– Что пялитесь, девки? Срамно, я не спорю. Но сказано в книге: «Бо мёртвые сраму не имут». Понятно вам, дуры? «Бо мёртвые» только! А он ведь живой. Прикройте его покрывалом, пусть спит.

И перекрестилась.

Борис Константинович предложил ей простое дело: участвовать в сраме. Следить, чтобы всё было тихо. За деньги, за дом на Ордынке, за праздность. А что оставалось другого: в прислуги идти, на панель к другим девкам?

Сперва её долго готовили. Была хороша, как царица, но видно: жила у купцов, в простоте и дремучести. И говорила нараспев, и слова вставляла вроде «окромя» или «невидаль». Всё это нужно было вырвать с корнями. Бельский, сияя от тревожной радости, поселил её в гостинице «Европа» напротив Малого театра. Приставил к ней даму с манерами, старую, но всё еще бодрую. Дама учила её всему: мыться по утрам, причесываться, как барышня, заказывать вещи в модных магазинах. Она, впрочем, довольно скоро начала поправлять даму и многое делать по-своему. Дама открывала большие глаза, но спорить перестала: Клеопатра выбирала себе самые простые, но при этом самые дорогие туалеты, и Бельский не спорил, когда приходили счета. Он был к ней вполне равнодушен, так же как и она к нему, но тот самый «срам» их сделал сообщниками и связал сильнее, чем кровью. Он нанял ей учителей, не скупился. Французский язык Клеопатра усвоила за пару месяцев, а произношение у неё было лучше, чем у самого Бельского. Он коротко объяснил ей, что за люди будут посещать тот дом на Ордынке, куда она должна переехать. Объяснил и то, что все они будут мужчинами, любящими друг друга как мужья с женами. Её затошнило немного, но вскоре прошло. И так – срам, и – так. А что, эти девки на улице лучше? А Гришка Соснов с его жирною задницей? Борис Константинович принёс альбом фотографий. Одни мужики. Господа в основном. Встречались, однако, ребята простые: солдаты, приказчики, даже прислуга. Красавчики все на лицо, залюбуешься. Ну и на здоровье, раз им того хочется.

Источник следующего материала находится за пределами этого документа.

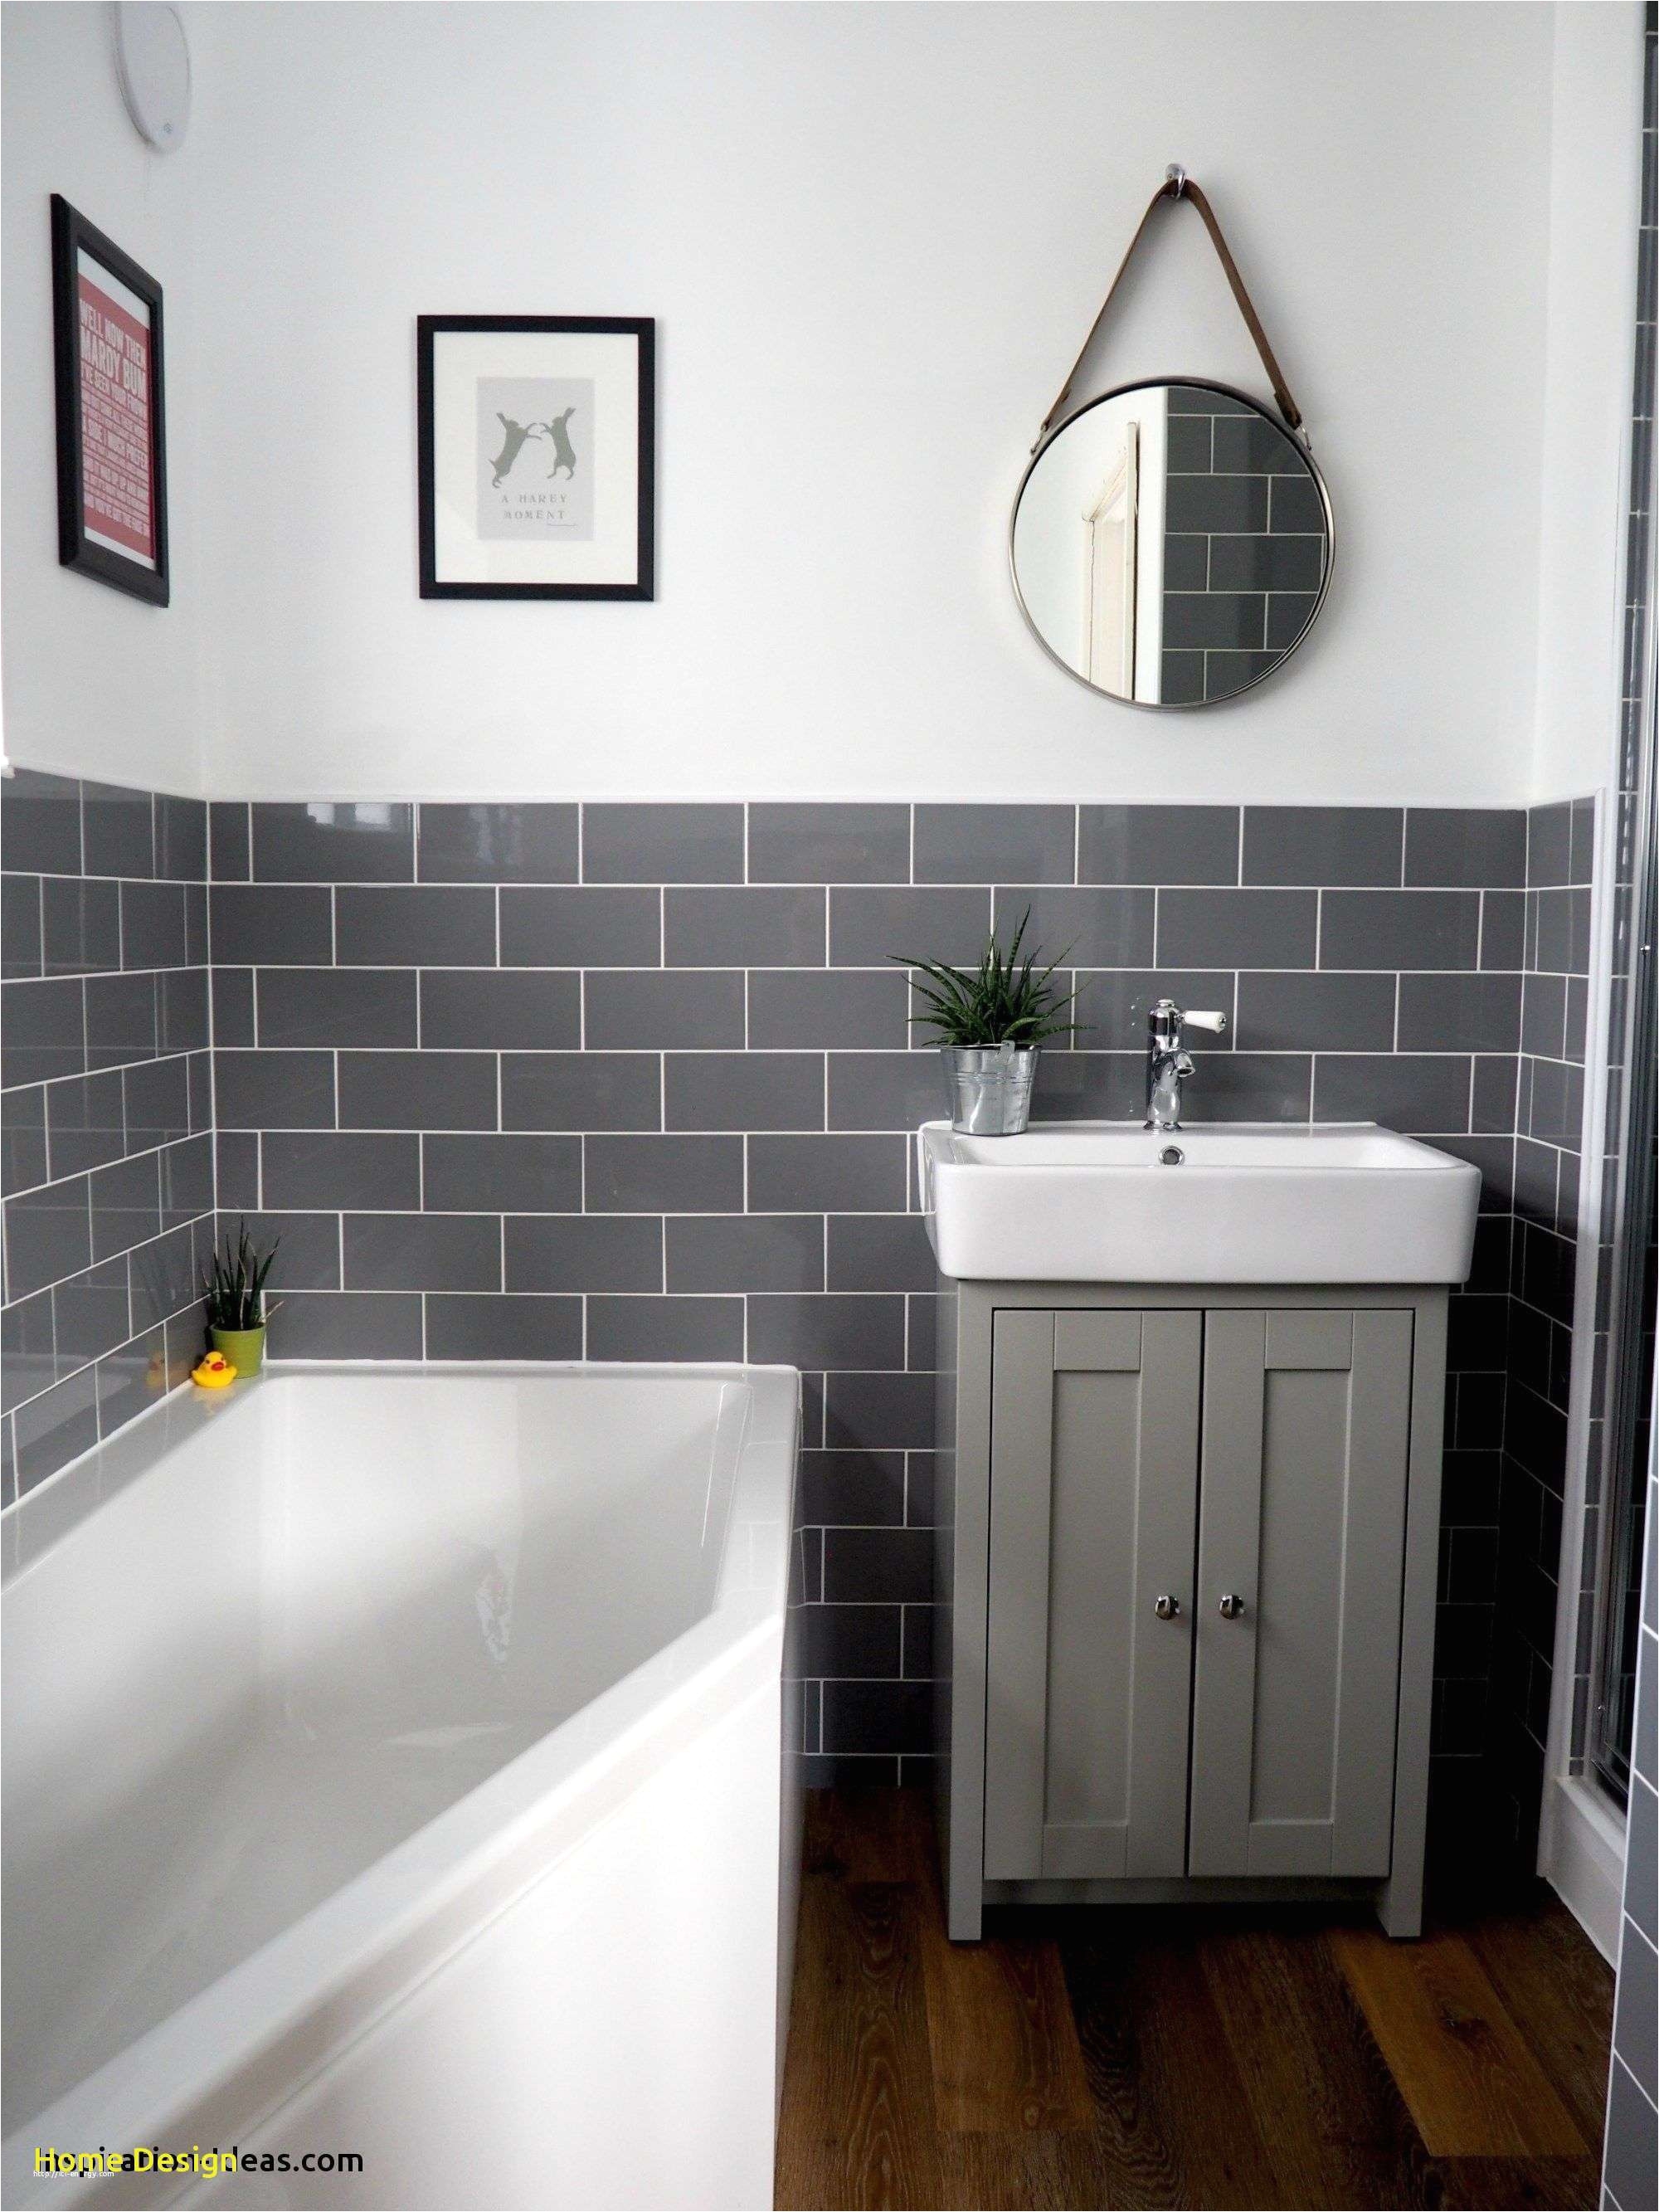 Tiled Bathroom Design Ideas Bathroom Designs Bathroom Tile Designs for Small Bathrooms Tile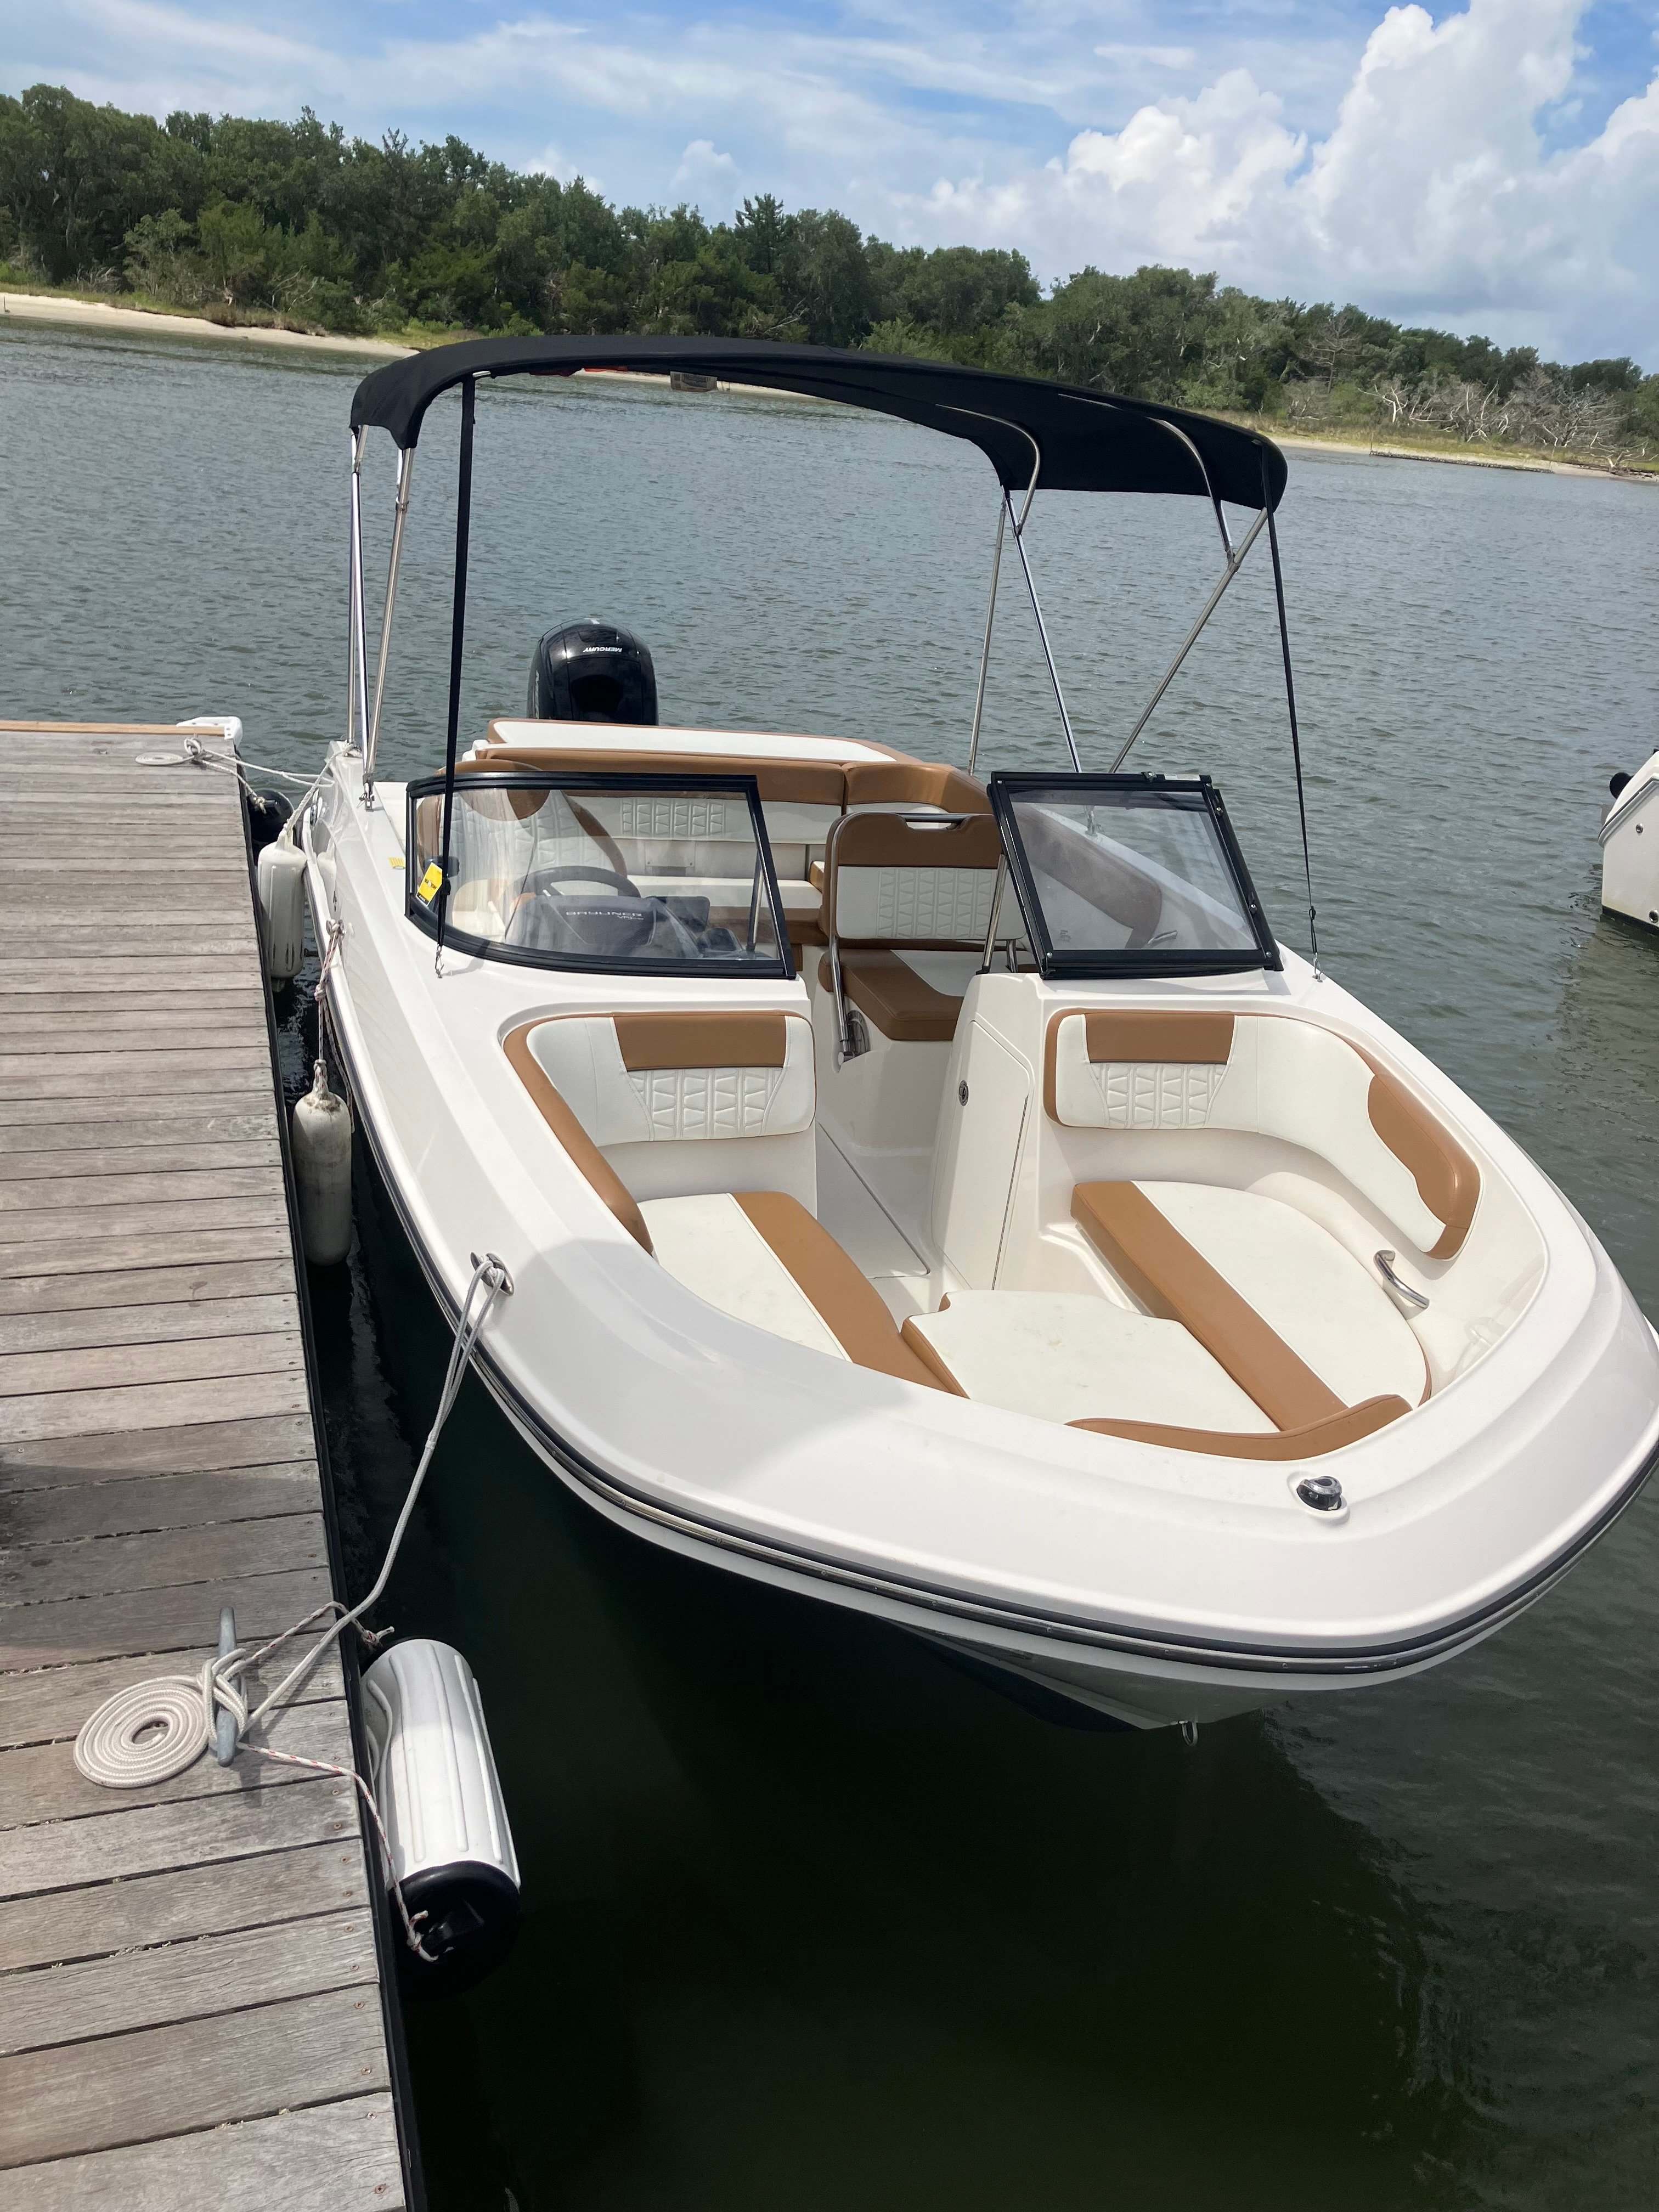 FIXIOUS (20' Bayliner Deck Boat 150 HP - Cruising)

К тому моменту, как Клеопатра Валерьевна получила в полное свое распоряжение дом на Ордынке, она была вне всех устоев и правил. Жила в окружении немых старых горничных и повара из иноземцев. Лежала на мягком диване, читала.

Мечтать – не мечтала. Зачем и о чём? Никто не тревожил её. По вторникам преображалась: спокойная, с холодным и чистым лицом, с волосами, подобранными высоко, ярко-рыжими, она выплывала навстречу гостям. Протягивала свою тонкую руку, они целовали. И тут начиналось.

Справедливости ради нужно уточнить, что в особняке на Ордынке редко опускались до прямого разврата, а тех, с которыми это случалось, немедленно препровождали в отдельные комнаты, а потом отправляли по домам, смущенных и прячущих лица. Пиры состояли из нежных касаний и вольных движений всем телом, весьма непристойных, хотя грациозных. Да, гости захлебывались поцелуями. Но ей-то какое до этого дело? Короче, стоял в этом доме взволнованный, сладчайший дурман, наполненный запахом крепких духов, обидами, ревностью, мелкими ссорами и просьбами о неотложном свидании. Уже неприкрыто-любовном, интимном. По летнюю пору бывало, что гости могли обнажиться, но делалось это, как будто бы шла между ними игра, которая напоминала театр. Не зря же ведь Бельский был прежде актёром. Клеопатра Валерьевна иногда спрашивала себя: что люди так любят друг в друге? На что их так тянет? И не понимала.

Однажды вечером Бельский приехал раньше всех. Щека его мелко дрожала. Черноголовый, с лоснящимися кудрями, мальчик вылез из коляски и, сутулясь, вошел следом. Клеопатра Валерьевна с любопытством на него поглядела. Он был очень худ, узкоплеч и изящен. Но взгляд, словно бы у волчонка, затравленный. Глаза совсем тёмные, в длинных ресницах.

– Вот вам мой воспитанник. – Бельский пришептывал. – Прошу полюбить. Месье Алексис Куприянов. Недавно окончил гимназию. Желает попасть на войну поскорее.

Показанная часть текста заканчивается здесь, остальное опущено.